You will run into situations where you just can’t create reasonable round trips. You will find that you put data in point A and can’t see it until it’s been seriously mangled and comes out way downstream at point B. My name for this type of software is “The soup factory”. The soup factory takes vegetables in one side and a pureed blend of steaming hot soup comes out the other. It’s great at lunch time, but you can’t reverse the transformation. A lot of information is lost in the blender.

The soup factory problem is that the end result isn’t reversible into the inputs. You put 10 carrots into the factory. How can you tell from the bowl of soup that the carrot content is within spec? You can (with a spectral analyzer and a PhD), but doing so is just not cost effective. The best you can quickly do is taste the soup and see if it’s any good. Sadly your feedback will be vague and difficult to take action on. Worse it won’t be very diagnostic.

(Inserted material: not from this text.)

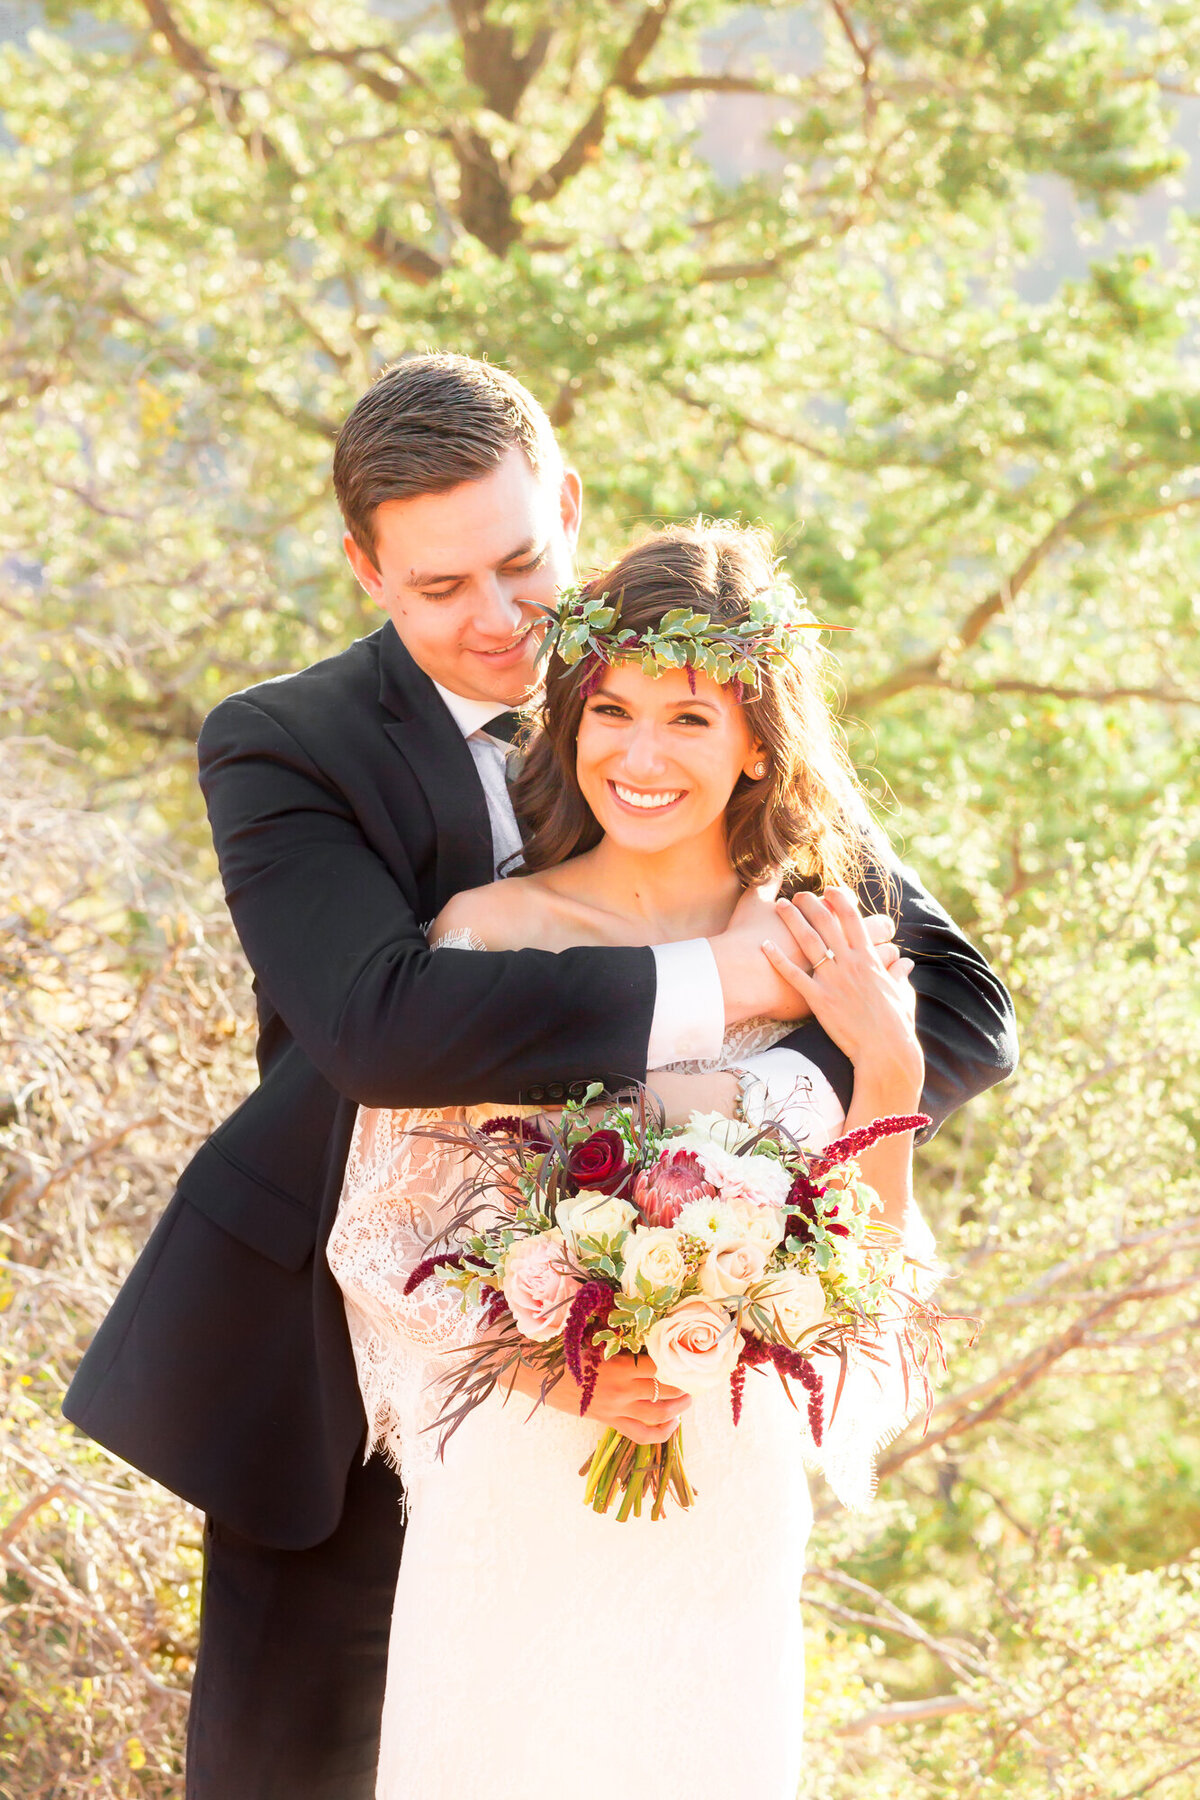 Wedding Portrait Photography - Sedona, Arizona - Bayley Jordan Photography

A good approach here is to “get inside” and try to do round trips on the components. That carrot slicer should take 10 pounds of carrots and turn them into carrot slices and stems. Stems plus sliced carrots should be 10 pounds unless you have a carrot leak. If you can’t find a way to peer inside the factory you need to have a conversation with your developer. They might not want to change the production code to expose the carrot slicing machine, but maybe they can add some debug code for you.

Round trip testing is a valuable tool to put in your automation toolbox.

There are a lot of effective ways to create high value test automation. Concentrating on delivering the fastest, most diagnostic and robust automation first will help your team deliver high quality products on schedule. Using round trip testing will let the product handle its own complexity and allow you to deliver powerful test automation quickly.

Good luck with round trip testing. I hope it makes your test code faster, simpler and you find better bugs.